The UPF is a primary network function (NF) of the 5G core network. The UPF, defined in 3GPP’s technical specification 23.501, is the interconnect point between the mobile infrastructure and the data network (providing encapsulation and decapsulation of the transport protocols employed) and the packet data unit (PDU) session anchor point for providing mobility within and between radio access technologies. UPFs and intermediate UPFs (iUPFs) can be virtualized, and be deployed within a dynamic cloud native compute infrastructure allowing packet processing and traffic aggregation to be performed closer to the network edge, increasing user plane performance efficiencies (e.g., latency, bandwidth).
A single UPF instance can handle multiple protocol data unit (PDU) sessions, however the resources of a UPF instance are finite. As traffic load increases, to avoid degradations in service caused by finite resources, more UPF instances can be deployed and started, and likewise, an idle UPF instance can be terminated when the traffic is low. This process can be achieved in a closed-loop continuous fashion that monitors, measures, and assesses real-time network data, then automatically acts to optimise according to the Service Level Agreement (SLA).
To achieve this, the first step involves collecting monitoring data from the 5G infrastructure and applications. This information can be related to specific User Equipments (UEs), (mobility, communication pattern, etc.),NFs, network slices, or the network as a whole. UPF load information available from the NetWork Data Analytic Function (NWDAF), including CPU, memory, and disk usage, can be supplemented with user plane data like bandwidth, latency, packet loss, etc., as well as UE-related information (mobility, position, etc.) to get accurate predictions of future network conditions. In iNGENIOUS, a monitoring platform is being developed to retrieve and expose this aggregated data to an AI agent. The AI agent prepares the raw data for input to ML algorithms for traffic trend prediction.

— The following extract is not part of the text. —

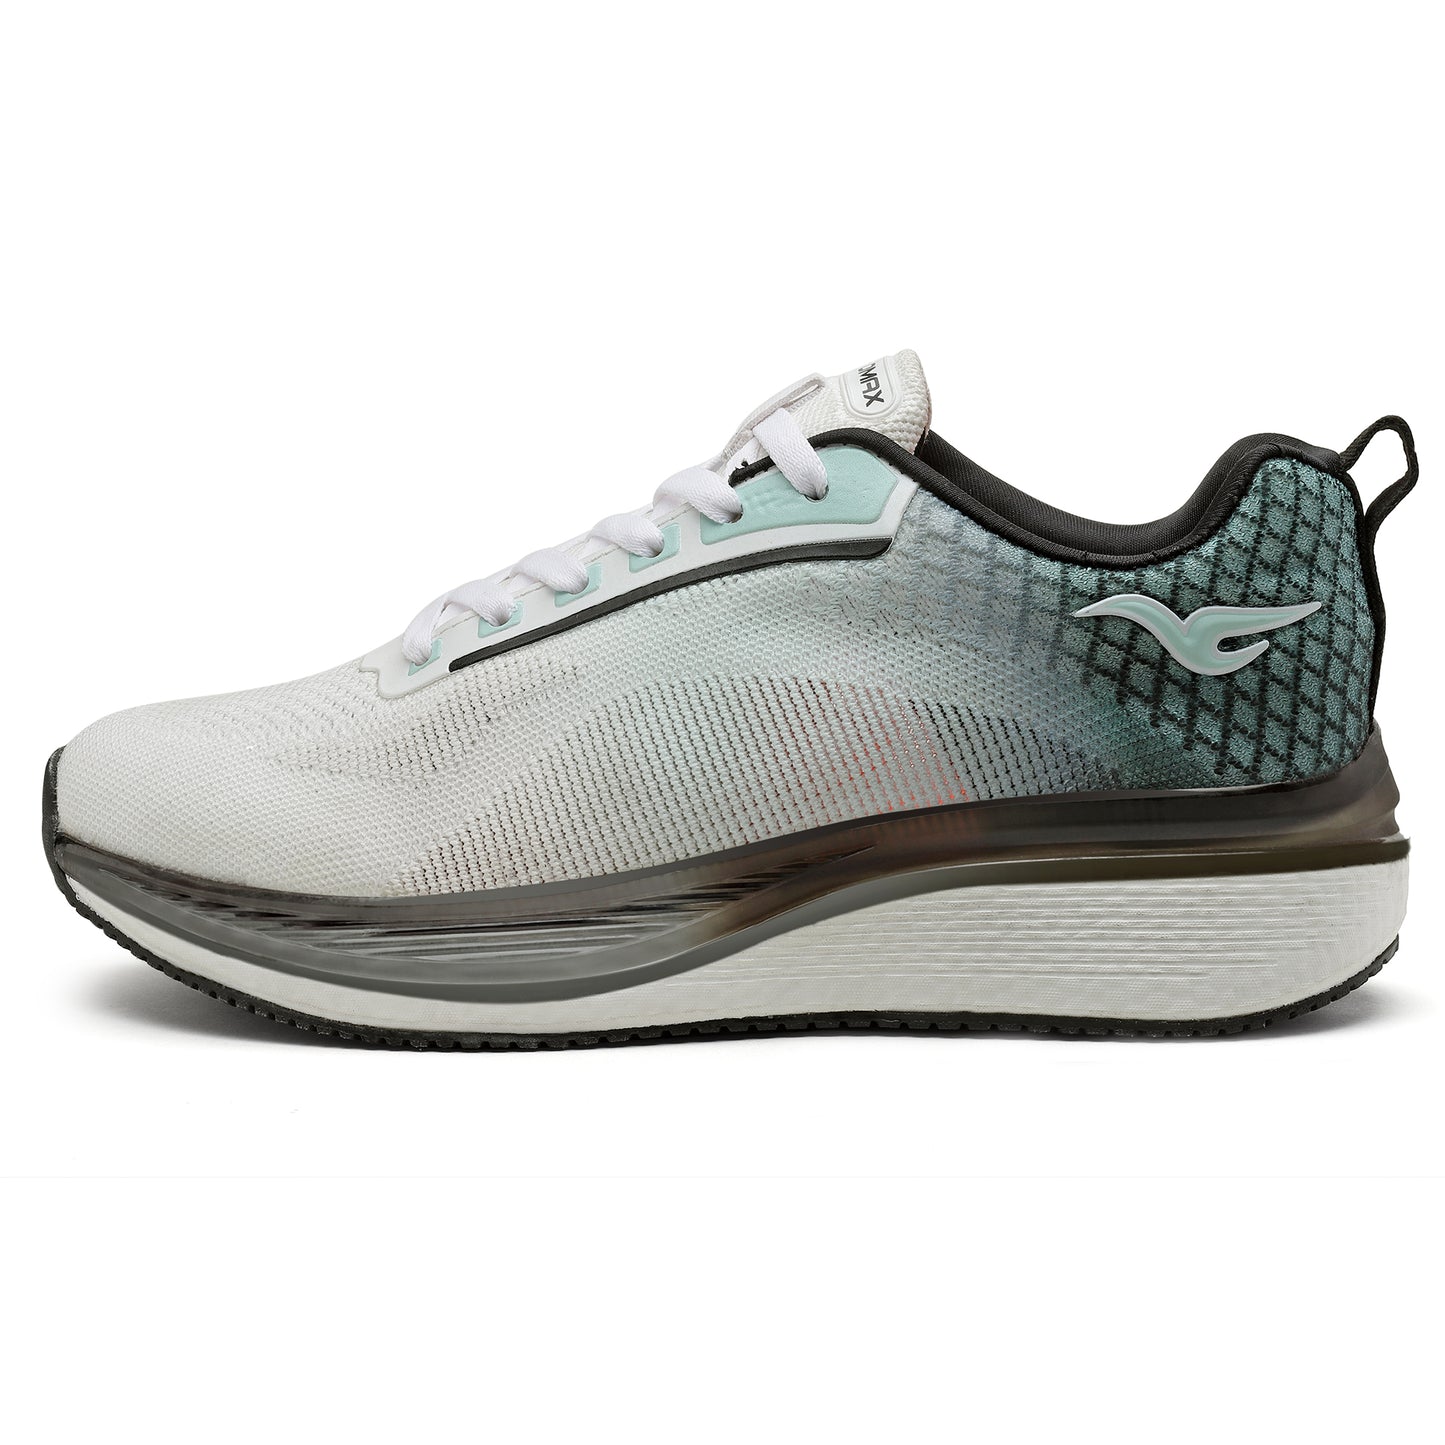 Vomax Sports Trenz-01 Running Walking Sports Shoes for Men's

The monitoring platform provides both data storing and streaming functionalities, with proper interfaces exposed towards the AI/ML agent to consume the monitoring data. The data can be collected from different and heterogeneous data sources through the Adaptation Layer, which provides the necessary interfaces and logic to map the data from the sources to proper messages topics on the internal data bus. In particular, the Adaptation Layer is designed to be plug-in oriented, where each plug-in (or data-collection driver) collects data from a specific data source. This approach provides a high level of flexibility since the composition of the active plugins may vary with respect to the different network slices to be monitored or during the different phases of a network slice lifetime.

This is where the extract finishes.